A commitment to change and curiosity

Exploring the world means something different today than it did, say, 100 years ago when Ernest Shackleton ventured into the icy South Atlantic Ocean in a sailing boat. Now we have over 4,500 satellites swarming around us, their zoom capabilities transporting us to every far-flung corner of the world. We’re launching tourists into space, running marathons in Antarctica and getting stuck in human traffic on Mount Everest. Is there anything left to explore? What does it mean to live adventurously in the 21st century? And how could we become a new kind of explorer in the future?

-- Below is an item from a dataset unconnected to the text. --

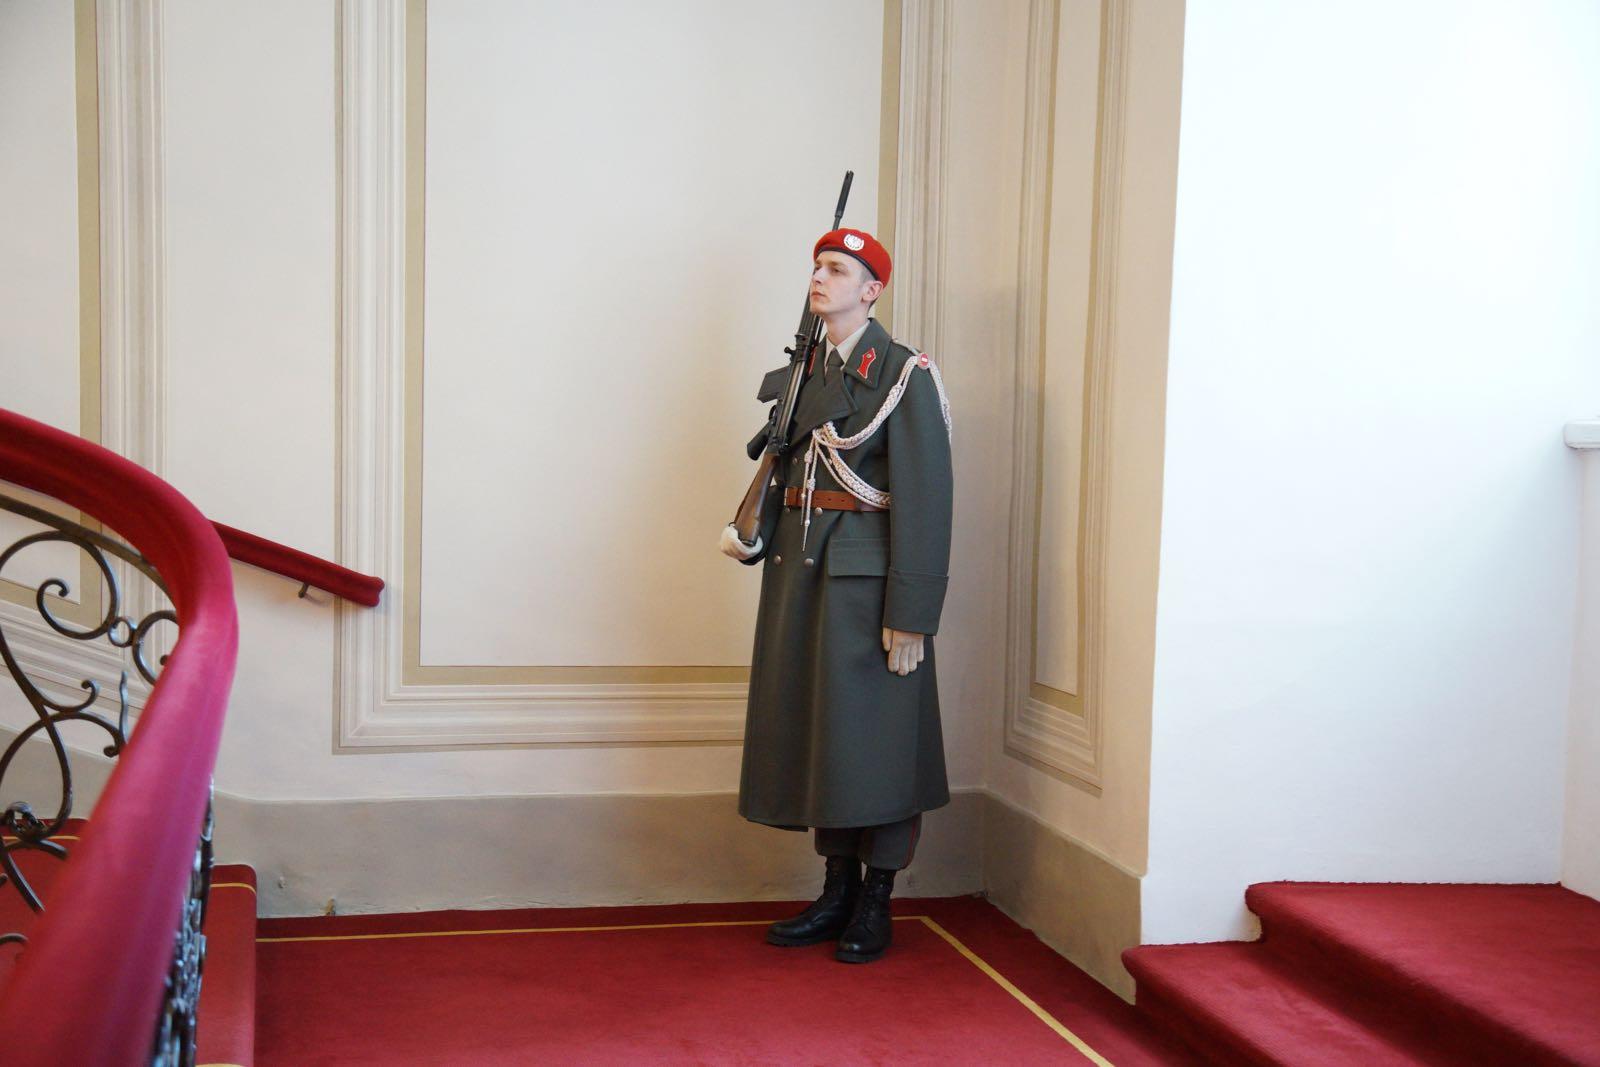 2019_03_01_4Gardekompanie_Treppenspalier_Präsidentschaftskanzlei - 7 of 9

For me, off-grid adventures are about being able to ‘disconnect’. Not necessarily from running water or the grid, but from the obvious, somewhat ingrained path. Being able to create a bit of distance, without a productivity meter, watch or plan. Get a bird’s-eye view. Rise above your own life. With that openness and wonder that we often leave behind in our childhood.

This book has become a collection of the places and encounters that have left the biggest impression on me. Along a breadcrumb trail from Canada to Antarctica, from Rwanda and Japan to Kyrgyzstan, it gives you insights into landscapes, cabins, living rooms and other ways of life. Come along for the ride, on foot or horseback, on a motorbike or in the hull of a ship. Because experiences are so much more valuable if you can share them with others: the anticipation, the beauty, the doubts, the confrontation. Told without any filter, and with as much appreciation for the beautiful as the slightly rougharound-the-edges parts.